We should definitely pay attention. Keep in mind that at this point we only have a video to form an opinion on the described results, so take everything I’m writing with a grain of salt. But this could be very exciting.
First, assuming we can make the technique work, at a minimum this would allow us to replace our whole MMRs for one single piece of data of 1.5KB. This would simplify a lot of code, remove the need for somewhat complex storage and save a lot of space. But this is the boring part.
The less boring part is that we can break linkability between inputs and outputs. On lighter nodes, we could also get completely rid of the UTXO set as they wouldn’t be needed to validate transactions anymore (only for initial sync to validate supply). The idea can be broken down this way:
Already now, we could replace the input commitment references to an output by a Merkle proof that the output exists, which would be built from our MMR. This would be a bad idea however as one can still link the output using the MMR and those proofs would be large, bloating transactions.
RSA accumulators would allow us to do the same thing, but replacing the MMR with the accumulator and using its own much more compact version of a proof. This way an input can be validated without even having the output.
Those accumulators are Zero-Knowledge, so no one knows which output is being spent. You just know that the output has been added in the accumulator sometime and hasn’t been spent yet. This makes inputs and outputs unlinkable.
Having the output itself with its range proof and commitment becomes unnecessary as long as you trust the output addition was valid, which you can either have checked yourself in the past (full node) or trust others to have done (light node). One could also imagine an hybrid mode where you get sync’d almost instantly like a light node (including FlyClient), and then do fuller validation in the background.
I have some worries about some attacks like replay or handling of duplicates and without the paper it’s not worth thinking about it too hard yet. But the good news are that we’d actually have fairly simple needs.
In summary, it’s very grinnesque: simpler and removes a bunch of data while improving privacy. We just need some more time to get the paper and analyze what the solution would look like.
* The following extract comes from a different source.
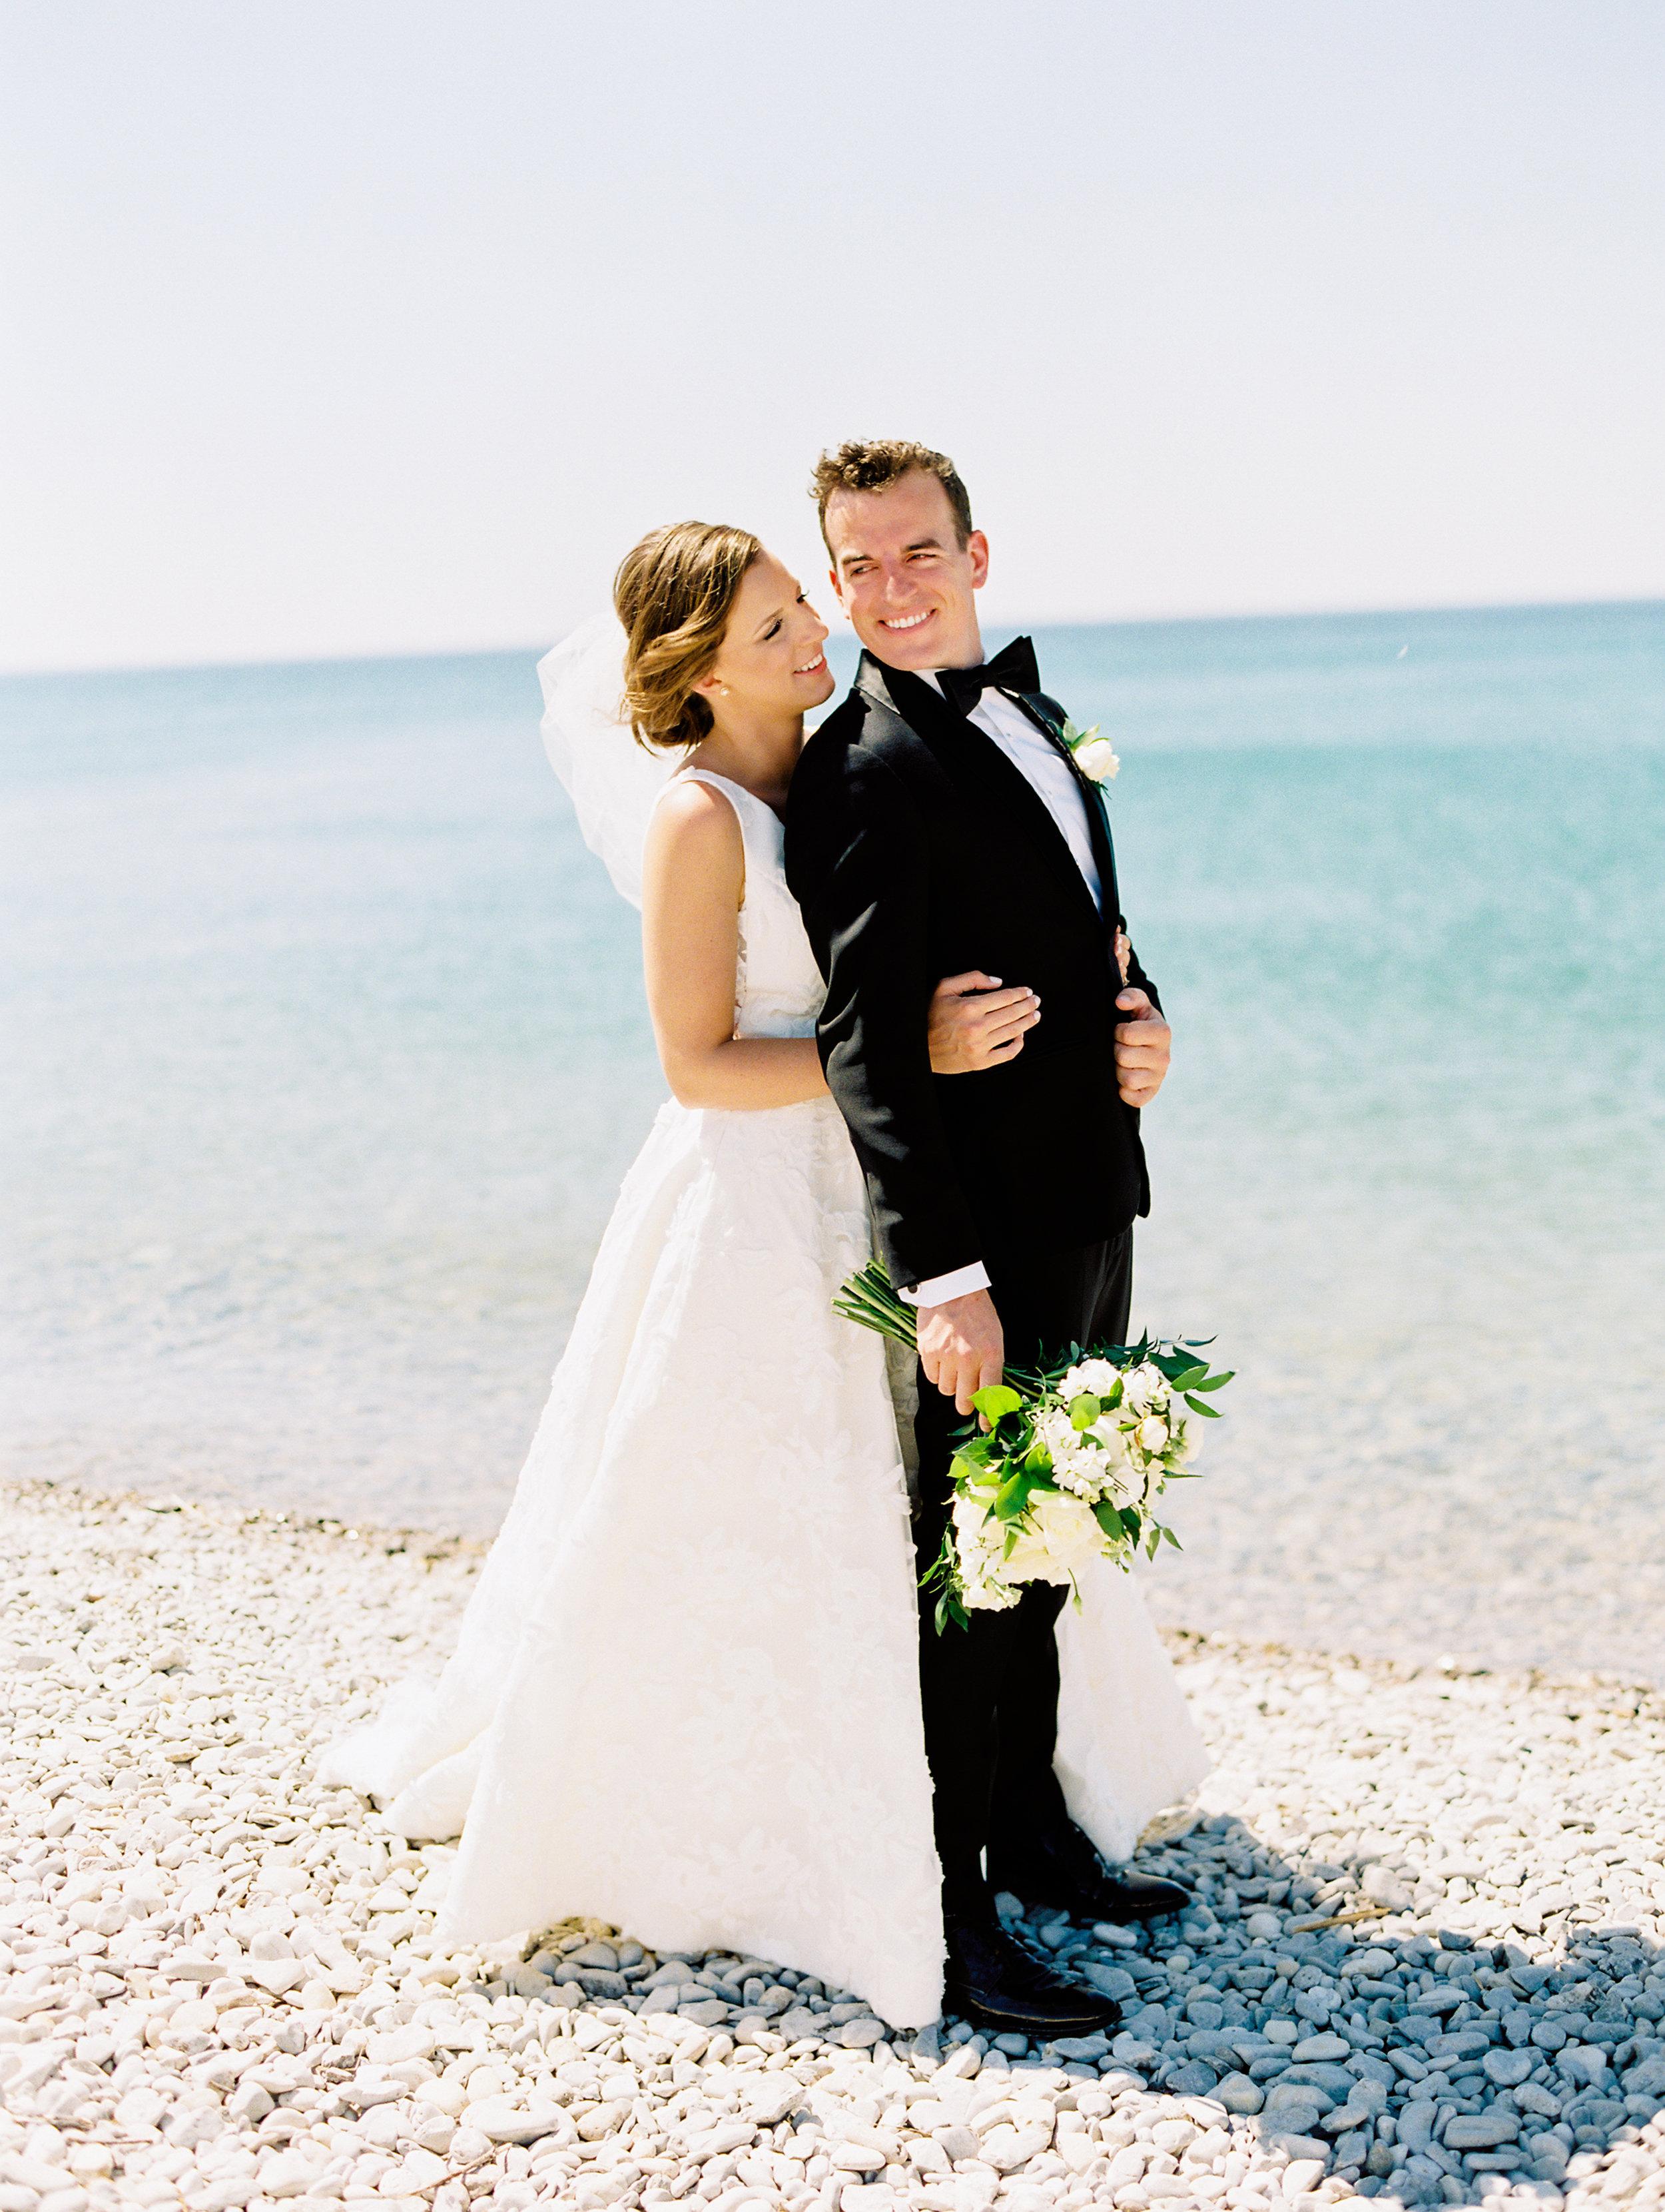 DeGuilio+Wedding+Bridal+Partyf-9.jpg

(One) of the really interesting things is the concept of a universal accumulator; the ability to generate proofs of both membership and non membership. This would potentially solve the duplicate problem. You can prove you are spending an unspent output and also prove you are creating new unique outputs, all with zero-knowledge on the current UTXO set.
Benedikt is my favorite cryptographer right now (no offense guys), and testnet5 will by my favorite testnet Going to reach out to him to see if we can get a draft of his math.
If we can (theoretically) represent the outputs being spent by a tx as a single aggregate inclusion proof then we potentially unlink inputs from outputs entirely. The anonymity set of those inputs (outputs being spent) is the entire UTXO set at that point in time. We don’t know which outputs are being spent or even how many outputs are being spent.
My cliffnotes and what I managed to make sense out of the paper, please correct me where I understood things wrong.
General
New type of universal accumulator is proposed, supporting batch adds and deletes, and also proof of membership and non-membership, which also can be aggregated into a single proof of constant size.
No trusted setup (in contrast to previous RSA accumulators) required, and no trapdoor is required.
How the proposed blockchain would work
Each block contains a (constant sized) snapshot of the entire blockchain state, ie the UTXO set.
Everytime there is a new block mined, miners would batch-delete UTXOs being spent as inputs in txs, and batch-add coinbase + new UTXOs being created as outputs in txs.
Verification that this was done correctly can be done by other miners efficiently.
End users would only need to store the proof of inclusion for their own UTXOs.
Nobody in the entire network would be required to store the entire state and history.
My questions
What are the security assumptions, and how do they compare to Grin’s current assumption that the Discrete Logarithm Problem is hard?
The final paragraph of page 30 reads:
Unfortunately, the design requires that user[s] update their witnesses for every addition or deletion to the set.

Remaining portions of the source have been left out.